Дядя Миша задышал, задышал. Я смотрел под ноги, смертельно боясь поднять глаза. Хашем вжался в стену и смотрел широко распахнутыми глазами на перешедшего грань жизни старика.
— Старость не радость. Поклон ей передавай. До свидания, мальчики.
Он удалялся потихоньку, едва волоча ноги, подшаркивая, согбенный, как тираннозавр, пустая холщовая сумка болталась у его коленей.
Хашем никогда ничего не боялся. Отсутствие страха придавало его характеру долю идиотизма, ибо только им можно было объяснить, например, причину того, что во время уличной драки, вдруг заполыхавшей ножами, мне пришлось возвращаться в тот проклятый двор, исходя криком: «Хашем! Хашем!», пришлось оттаскивать: «Они так ловко махались. Загляденье!»
Однажды, когда дядя Миша пропал за поворотом, Хашем понюхал воздух, оставшийся после старика. «Воняет лекарствами. Мышами. И нафтом».

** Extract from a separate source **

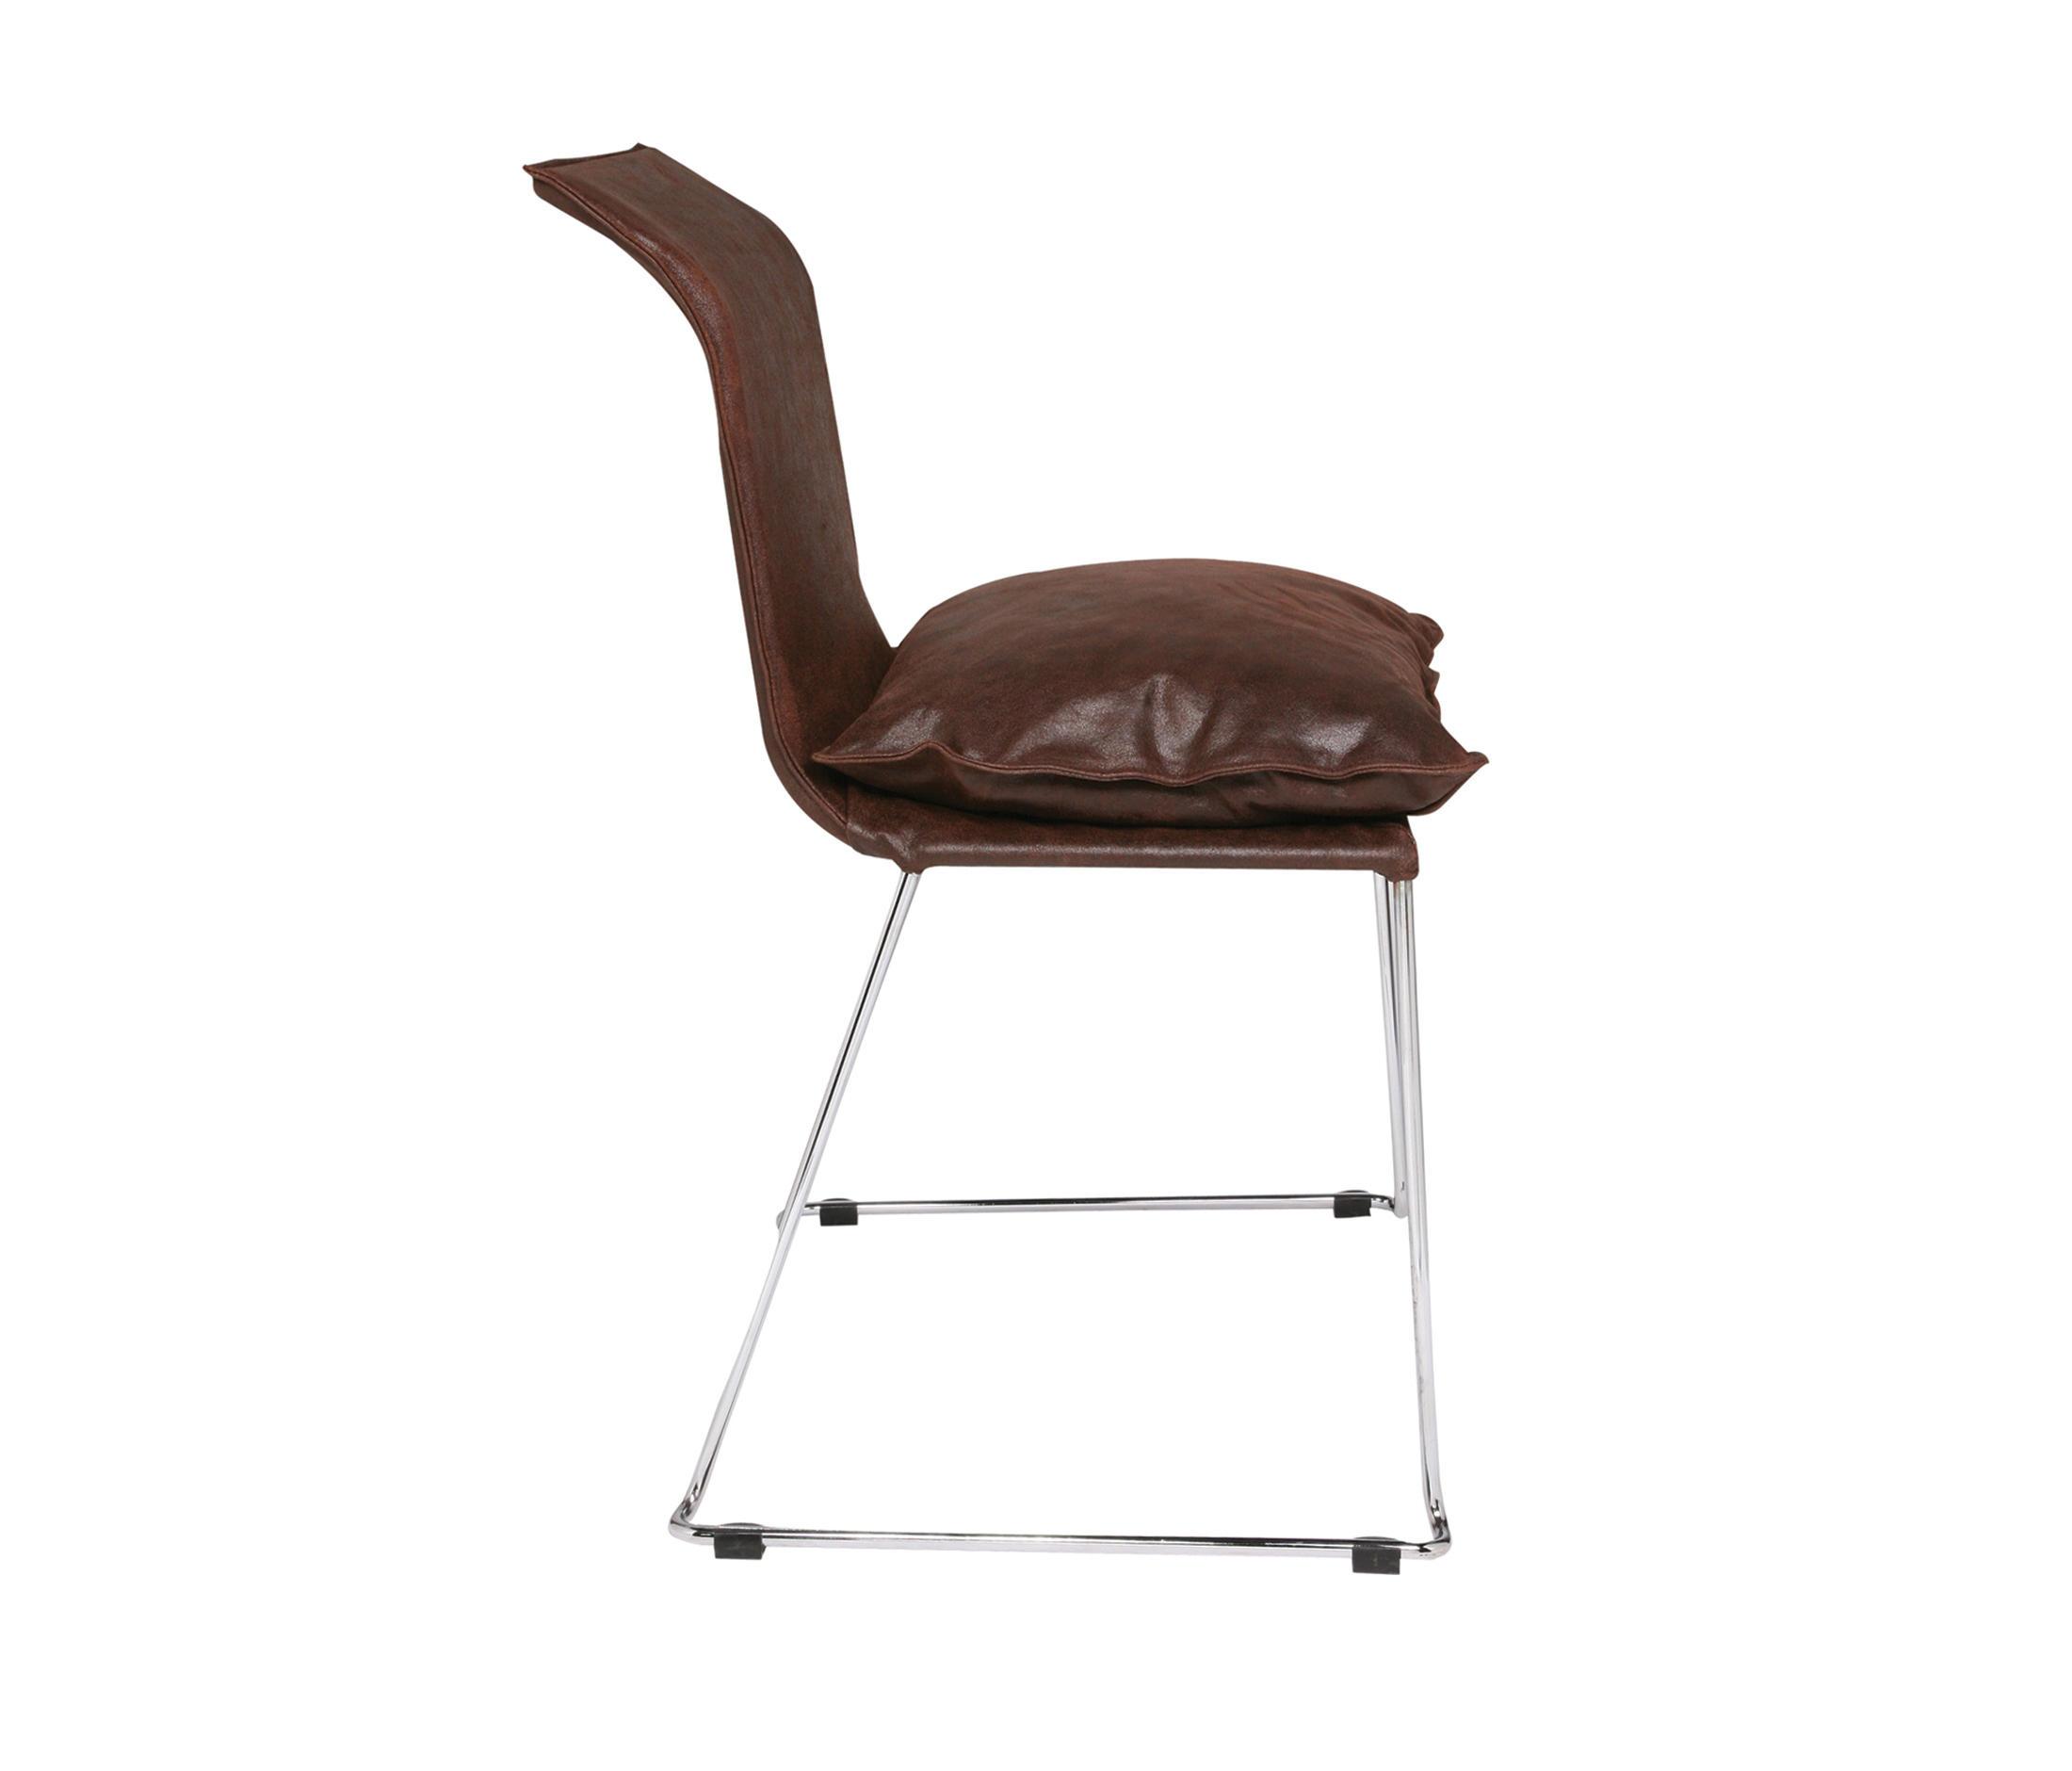 Mexico Stühle KffArchitonic Von Von Mexico Stuhl Stühle Mexico Stuhl KffArchitonic Stuhl Stühle 1TKlJFc

Бабушка Оля, мамина мать, жившая с нами, в своей борьбе против ревматизма не признавала нафталановые ванны. «Вся перемажешься с ног до головы, да пока выпаришь, сгоришь еще. А вони сколько!» — парировала она предложение дяди Миши, на парусиновом пиджаке которого над поясницей имелись два больших масляных подтека. Вместо того чтобы выпаривать на медленном огне мазут, бабушка ломала свечи и в кастрюльке растапливала парафин. Кисточкой ей служила тряпочка, примотанная ниткой к лучине. Прозрачный, как не бывает прозрачна вода, обладающая иным поверхностным натяжением, иной оптической плотностью, парафин ложился на белые рыхлые колени, обрамленные венозными прожилками, которые исчезали скоро под ровной мертвенной белизной. Я просил, и остатки терпимо горячего парафина она размазывала мне по локтю, с которого так интересно было снимать полупрозрачную корочку, мягко потягивающую за собой золотистые волоски, разглядывать ромбический узор пор… Кто не любовался золотящимися волосками на смуглой своей коже — в том возрасте, когда личное тело становится вдруг непривычно новым и удивляет сознание стремительностью преображения.